I feel like I’m standing on the edge of a cliff – about to throw myself off into the abyss below. No safety net, no idea how far down, no nothing. Just jump, and hope like hell that someone reaches out His hand and catches us.
I’m not sure why I feel this way – this certainly isn’t the first time I’ve taken off for an extended trip.
In 1987 I filled out all the paperwork involved to leave the Peace Corps, pocketed the money they handed me, and headed south. For the next seven months I wandered in Central and South America – and never once felt the uncertainty I feel now. Maybe it’s because I was young and foolish, footloose and fancy-free.

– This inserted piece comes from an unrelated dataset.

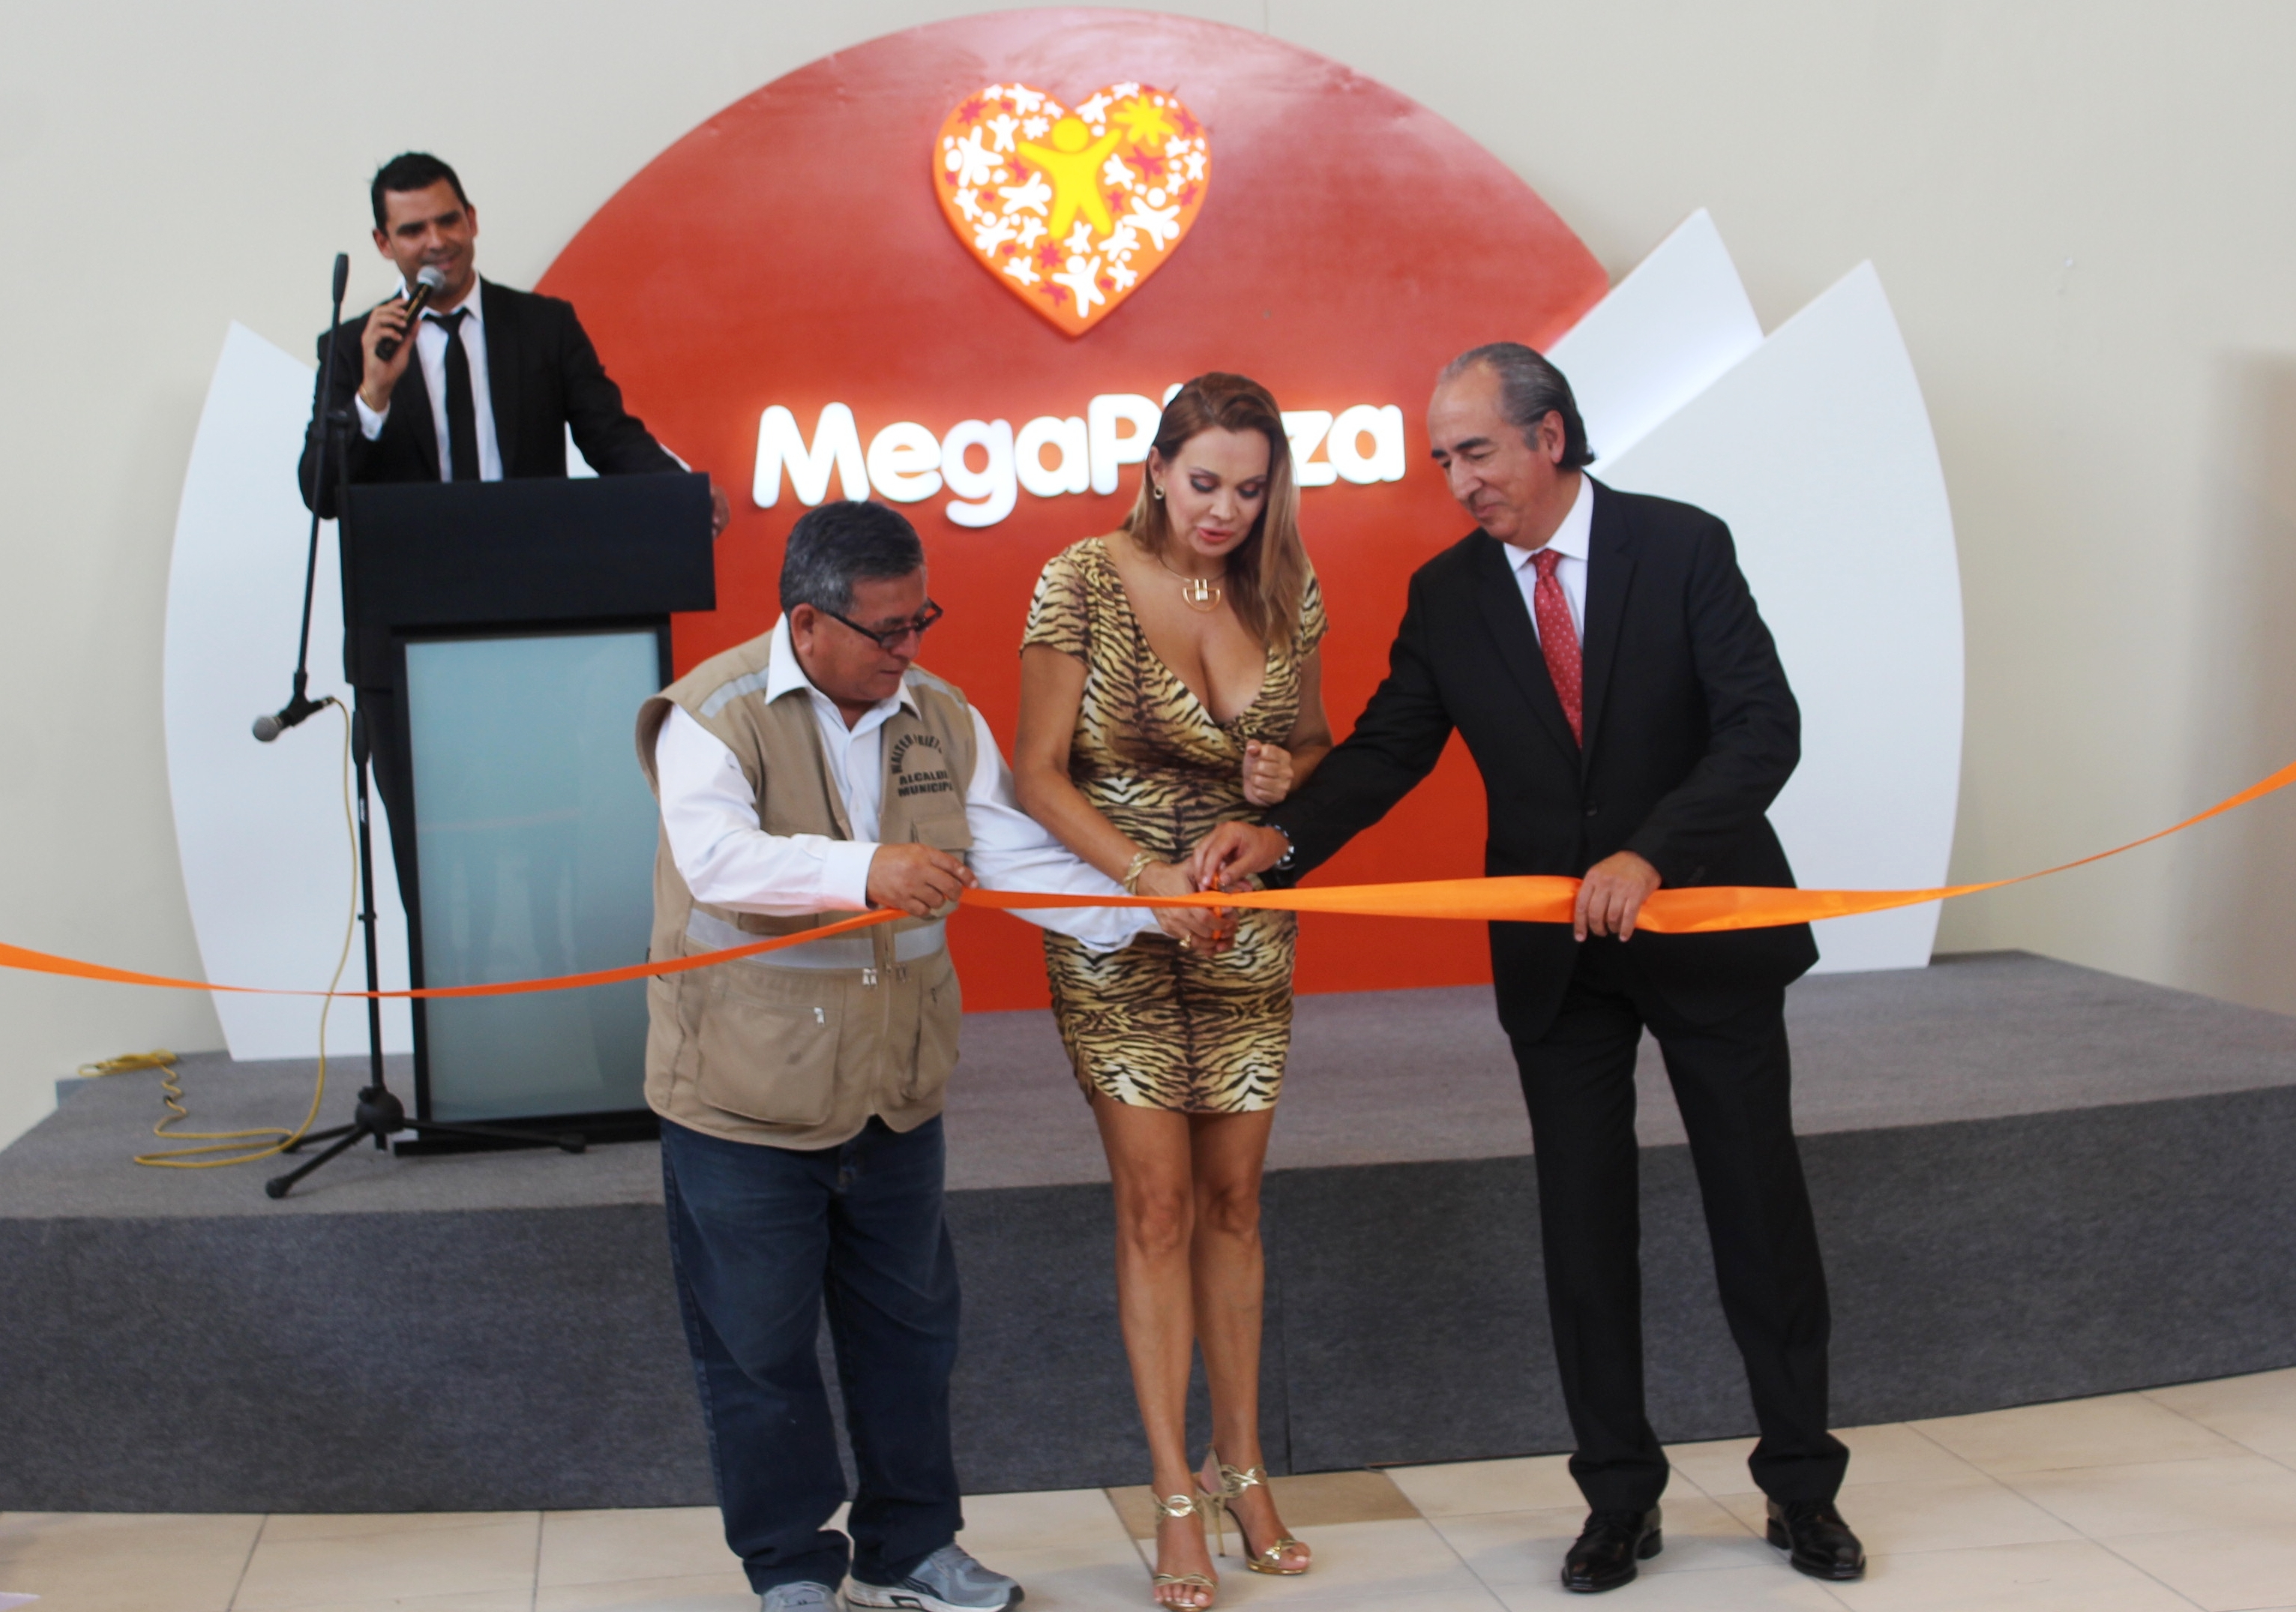 MegaPlaza Jaen 2 - MegaPlaza inaugura moderno mall en Jaén con inversión de US$ 15 millones
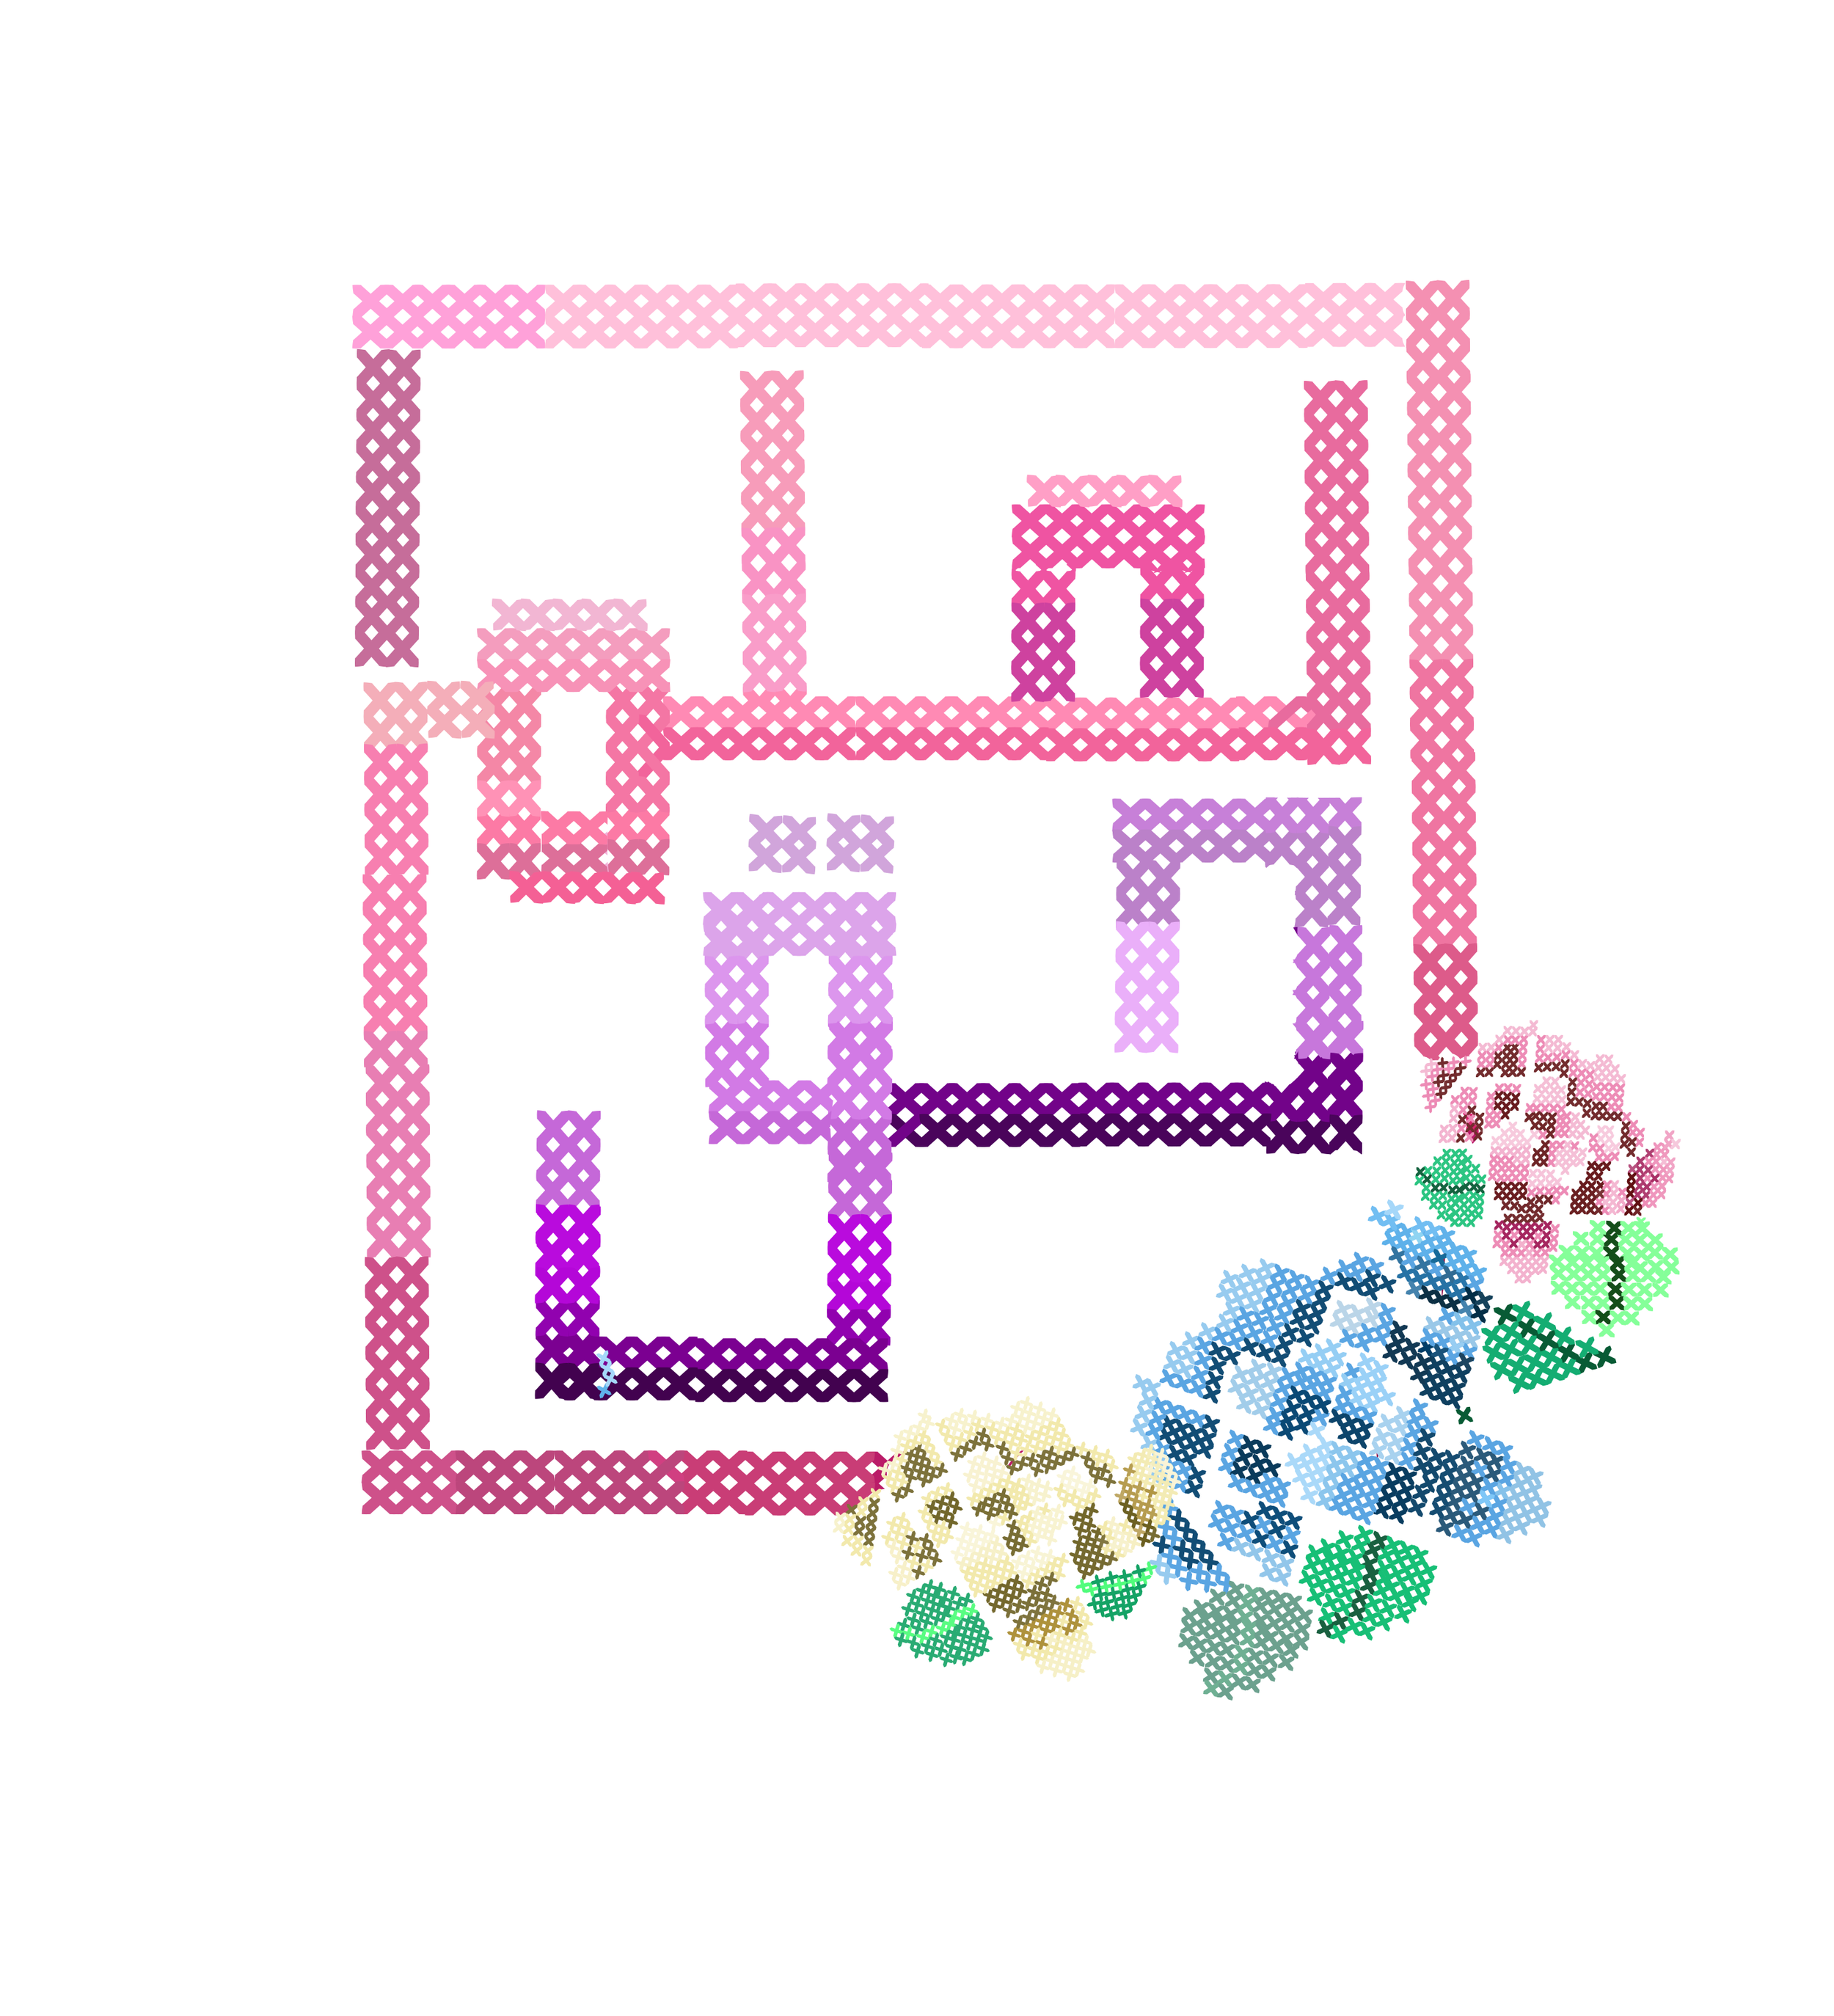 Our beautiful Tatreez inspired design

A few years later, in 1990, I did it again. That time I quit my job and boarded a plane with a complete stranger to spend a year biking the Indian Subcontinent with a man I didn’t even know. I arrived into Pakistan with little more than a bike, a sleeping bag, and my dreams. A year later I returned to the USA and married that man.
I waited quite a few years before doing it a third time. In 2006 John and I quit our jobs yet again – to cycle around the USA and Mexico with our boys. Even though that was perhaps the most hare-brained scheme we had dreamed up to date, I still wasn’t as nervous as I am now.
One would think that, with all those extended journeys under my belt, I would be a pro at this. The truth of the matter, however, is that I’m scared spitless right now. I’m scared something will go wrong on the flight up to Prudhoe Bay – a piece of luggage will get lost or a bike will arrive damaged. I’m scared this year here in Boise has changed us in some way and we can’t do this any more. But mostly I’m scared that maybe, just maybe, it won’t be as magical as I think it will be.
We made a decision a long time ago that we would call it all off if it ceases to fun at any point. For us, bicycle touring is about fun – and if we can no longer say it is, we’ll stop. This journey isn’t about a goal, it’s not about “getting there” – it’s about the process of getting there. We’re headed out to explore – and all indications show that it will be a fabulous experience. But what if it’s not? Then what?
No, I’m not concerned about “failing” – not at all. In this endeavor, there is no such thing as failure. Even if we were to call it all off tomorrow, it wouldn’t be a failure. We’ve learned and grown from each and every step of our journey so far, and we can never lose that now.
But I’m scared that it just won’t be fun. Maybe I’m being irrational. Maybe I’m not looking at reality. Touring by bike has always been wonderful in the past and I see no reason for it not to be this time – but I still feel like I’m jumping off that cliff. I’m just hoping and praying that God will reach out His hand and hold us up.